A large number of plant species-including those that supply healthy fruits and vegetables for human consumption-depend on bees and other pollinators such as flies, ants, beetles, slugs, butterflies, moths, birds, and bats for pollination and production. Native bees are by far our most important pollinators! Additionally, many plants depend on only one pollinator. Without those specific pollinators, those plants cannot reproduce and ecological diversity continues to decline.

The situation may seem bleak, but we must approach it with hope and determination while being good stewards of our land. Adopting even one suggestion to create a more pollinator and wildlife friendly yard or space can and will have an impact. Small changes add up and if enough of us start making changes we can collectively make a huge difference for Oklahoma wildlife!

Creating Backyard Pollinator Habitat

Choose Native Plants and Wildflowers

Tips for Choosing Native Plants & Wildflowers

Choosing NATIVE plants and wildflowers is important. Exotic ornamentals and cultivars-even nativars- do not supply what our native pollinators need. Additionally, almost all of those plants and flowers have been treated with chemicals that will harm the pollinators you’re trying to help.
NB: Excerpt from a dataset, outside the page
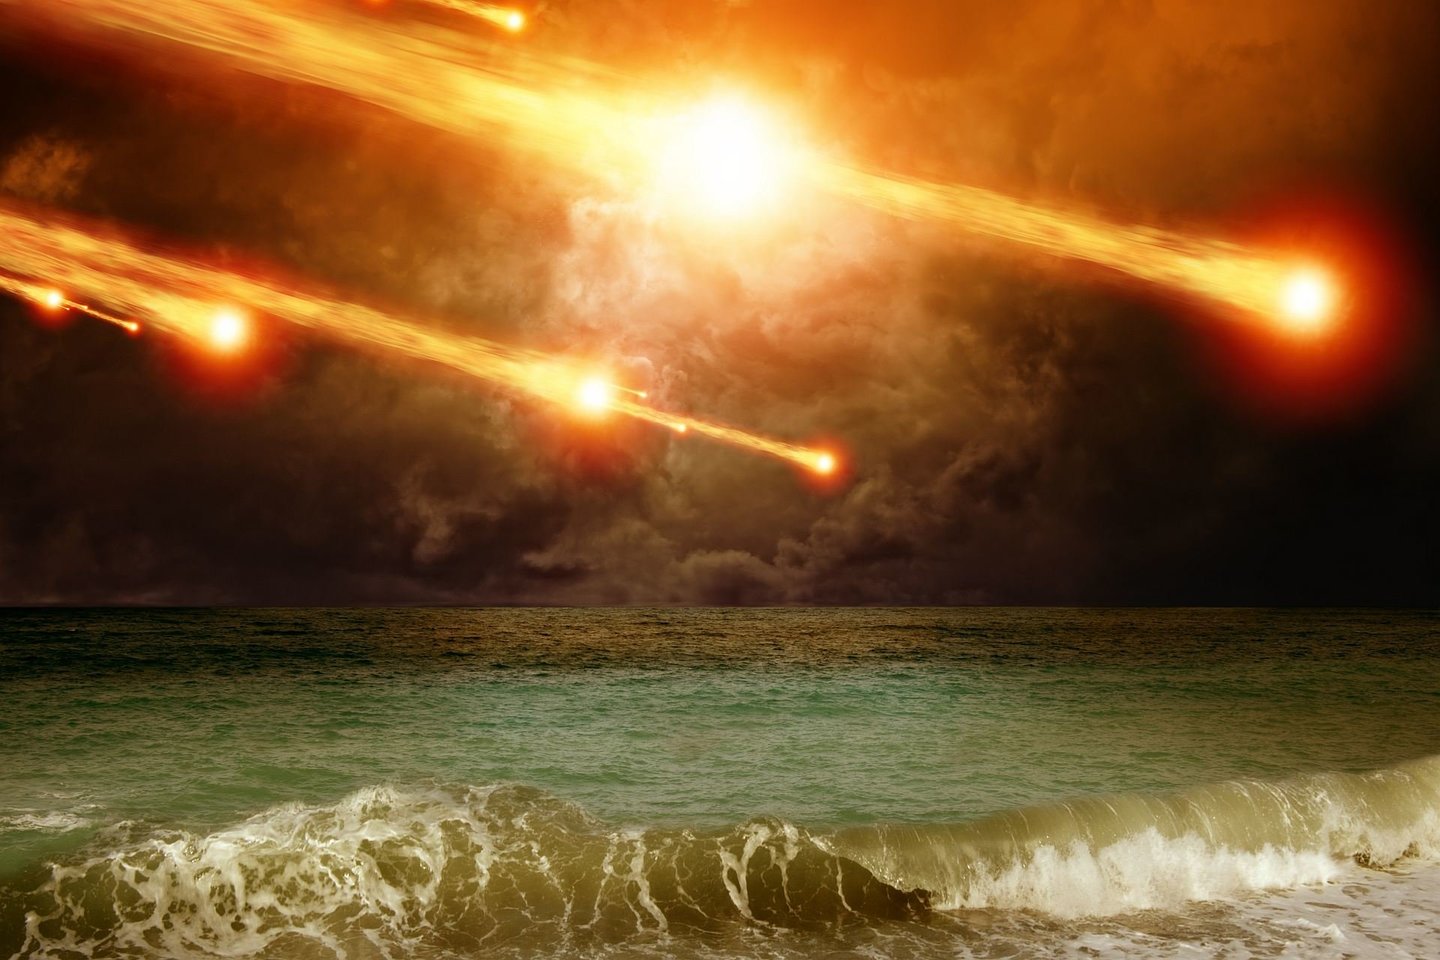  Mokslininkai mano, kad prieš 3 700 metų labai karšta meteorito sprogimo banga galėjo sunaikinti prie Negyvosios jūros įsikūrusius miestus ir gyvenvietes.<br> 123RF iliustr.

Look for small local nurseries and growers that supply organic/untreated native plants and wildflowers. Avoid big box nurseries. Always ask if the nursery treats their plants and if they have suppliers whether or not those suppliers do. Perfect looking plants that haven’t been nibbled on are a good clue!

Tips:

  • Seek a variety of flower shapes and colors from different plant families in order to provide for as many different pollinators as possible. Fun fact: red appears black to bees therefore red flowers do not attract bees.

  • Provide flowering plants that bloom during different seasons to ensure a continuous food source. Fall tends to be the most neglected season for pollinator plant consideration. Asters and Goldenrods are wonderful additions for much needed Fall nectar and pollen.

  • Extend bloom time by deadheading spent blooms.

  • Include bulbs, shrubs, and trees as well. Oak trees in particular have a major ecological benefit. A single Oak provides shelter for birds and squirrels, food for over 500 different caterpillars, plus over 100 animals eat the Oaks’s acorns!

Provide Shallow Watering Stations for bees & Butterflies

Pollinators get thirsty too!

Providing simple dishes with pebbles or stones for bees and butterflies to land on works amazingly well for this purpose. Pebbles and stones allow pollinators to safely drink without getting wet or drowning. Shallow water works best. Place in a protected area near shelter and nectar/pollen sources.

Eliminate Pesticide Use

Are there any good pesticides? No.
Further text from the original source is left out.